There is no proprietary backend; the whole client, and the library powering it (node-irc), are open source.
Sorry, perhaps "proprietary" was a bad choice. What I meant was that I would appreciate if the web client itself didn't require or rely on the nodejs/mongodb backend, and could instead operate directly on top of an IRC server or bouncer.

Ie, I would like to run your web client on my machine, have it connect directly to my IRC bouncer (or directly to a remote IRC server), and not require a local database to use it. I'm interested in using it as just another IRC client that connects to my IRC bouncer, rather than it being my primary IRC client. From what I see, this isn't possible.

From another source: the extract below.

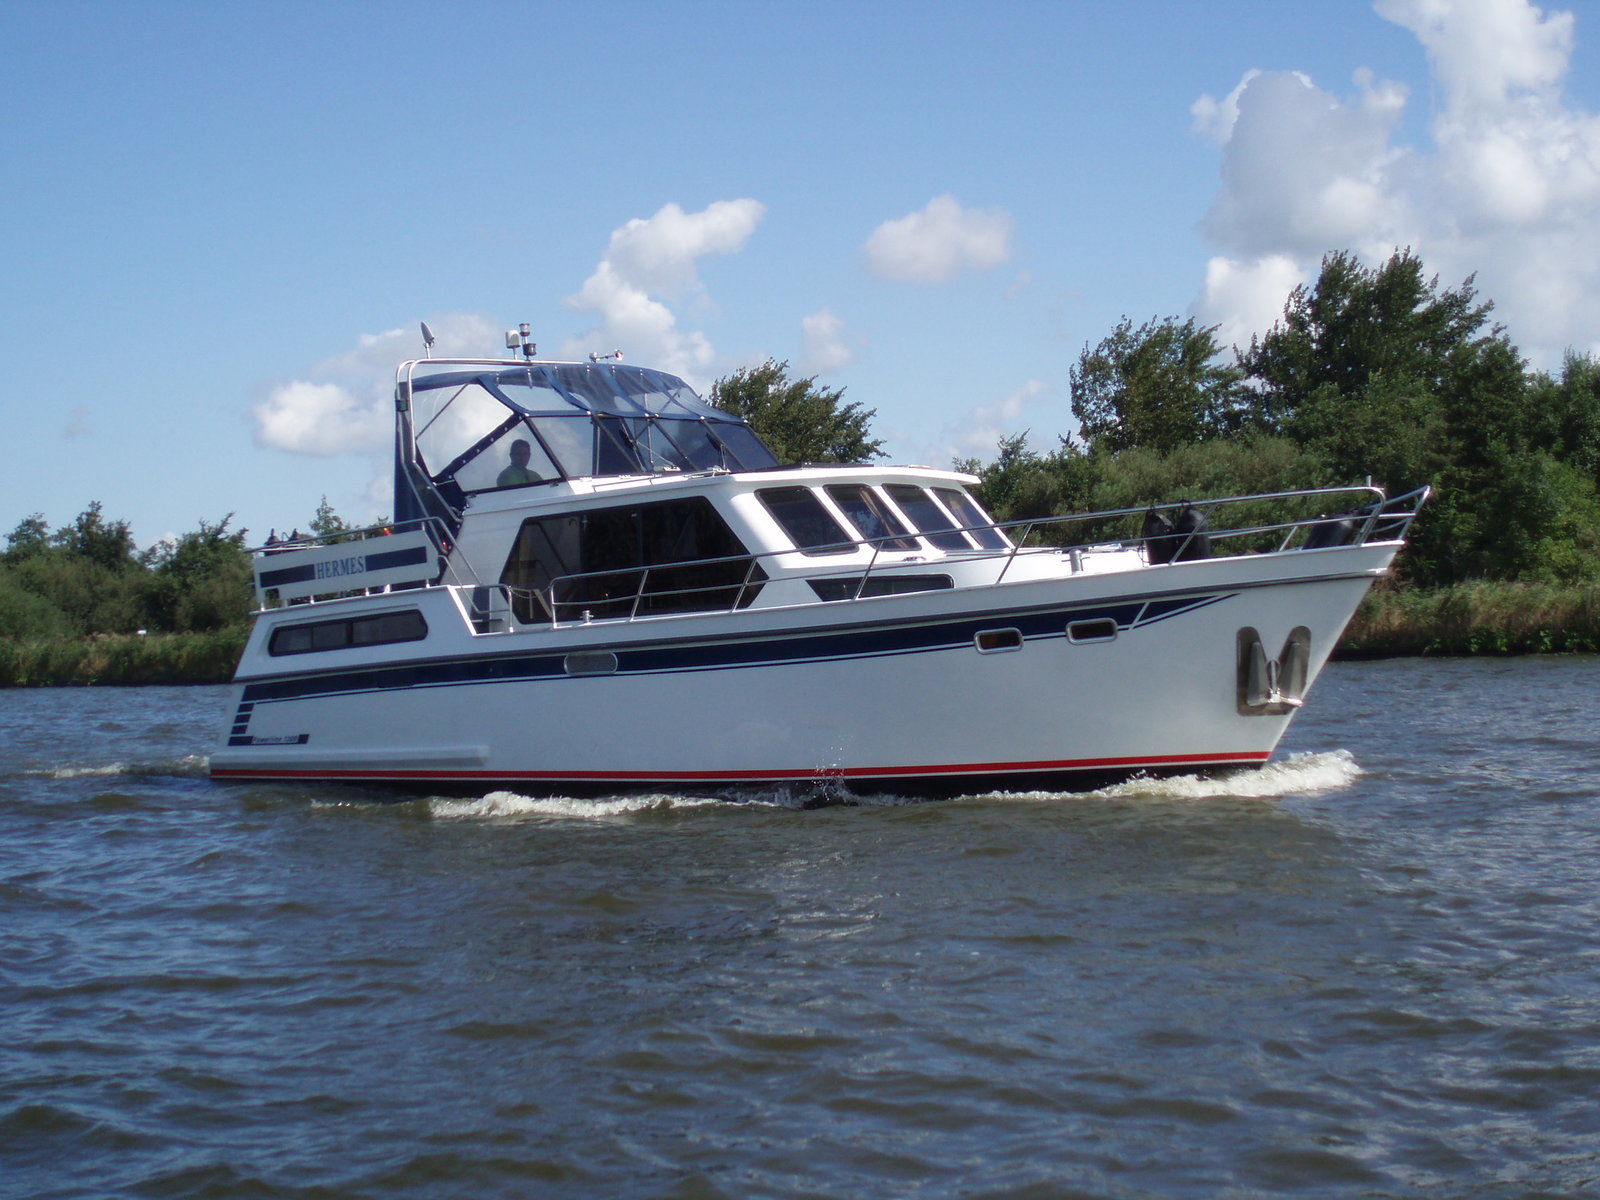 Ontwikkelen Omgekeerd Buitenboordmotor Motorboot 'Hermes' huren in Friesland | Stoeten bootverhuur Lemmer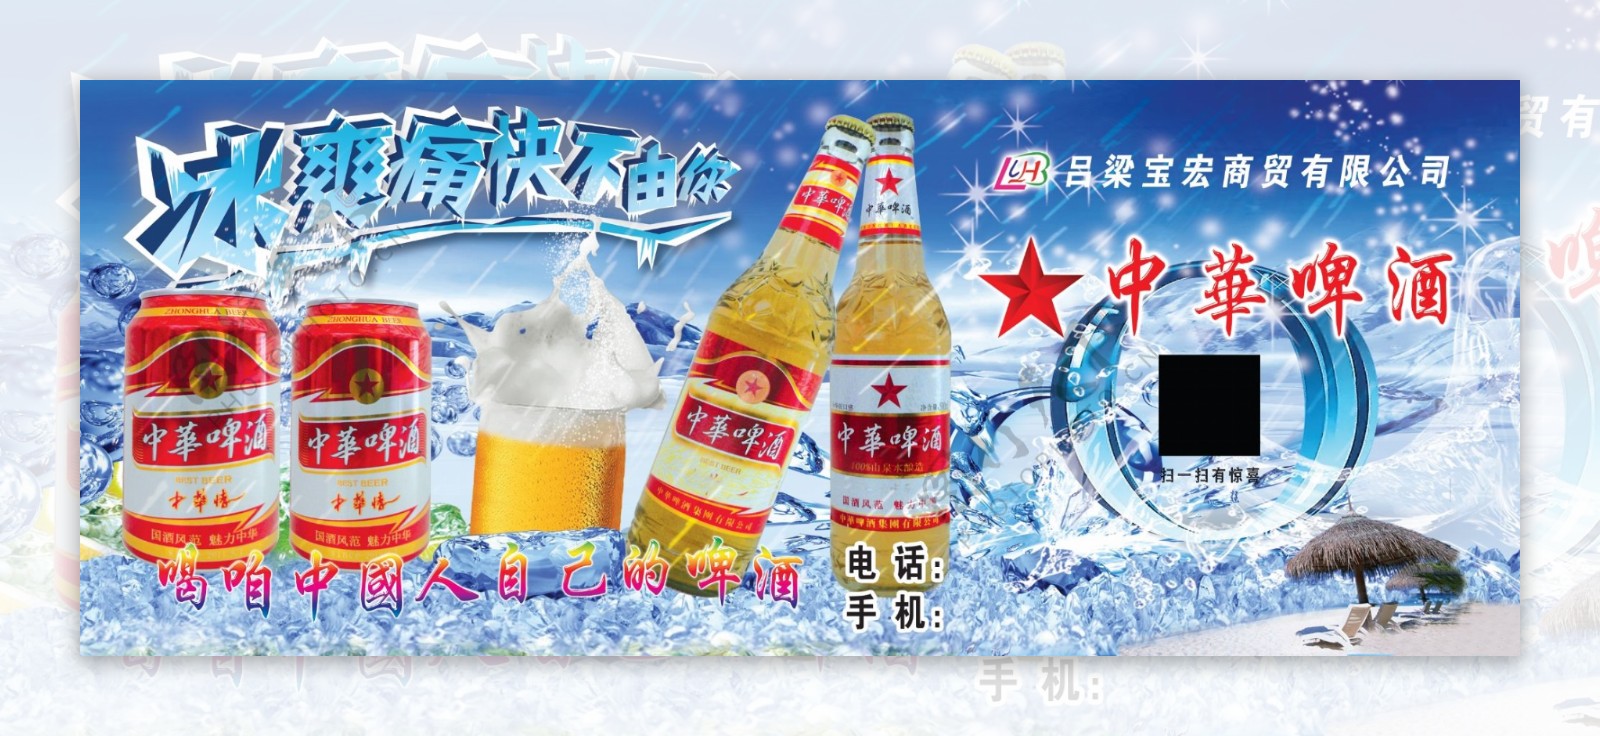 中华啤酒广告03

I would have loved to have this when I worked at a company that only allowed HTTP(S) through the firewall.
My point is there are already plenty of pure web IRC clients that don't rely on a local database; none of them (that I've seen) have any sort of nice interface like this does. There are also plenty of applications that will proxy non-HTTP connections over HTTP proxies. Corkscrew [1] also allows you to tunnel SSH connections over HTTP proxy, and you can use SSH to tunnel just about anything else you need.
I'm aware there are other solutions. Compared to all the work I did to properly tunnel SSH over HTTPS (it was a pretty good firewall, apparently), deploying a node app is trivial.
If you (still) think a IRC bouncer is a good tool then you'd be surprised by something like quassel :)

http://quassel-irc.org/

I actually looked into Quassel a while back, and although it looks interesting, the biggest issue I had with it was the apparent inability to mix existing IRC clients into a Quassel setup, not to mention it lacks a unified set of notifications.

With ZNC on my server, I can connect any standard IRC client to it, whether its Irssi or Weechat running in screen on my server, Xchat on my desktop machines, or AndChat on my phone. I also receive only a single push notification to my phone when I get mentioned or PMed, and can literally connect from anywhere to respond.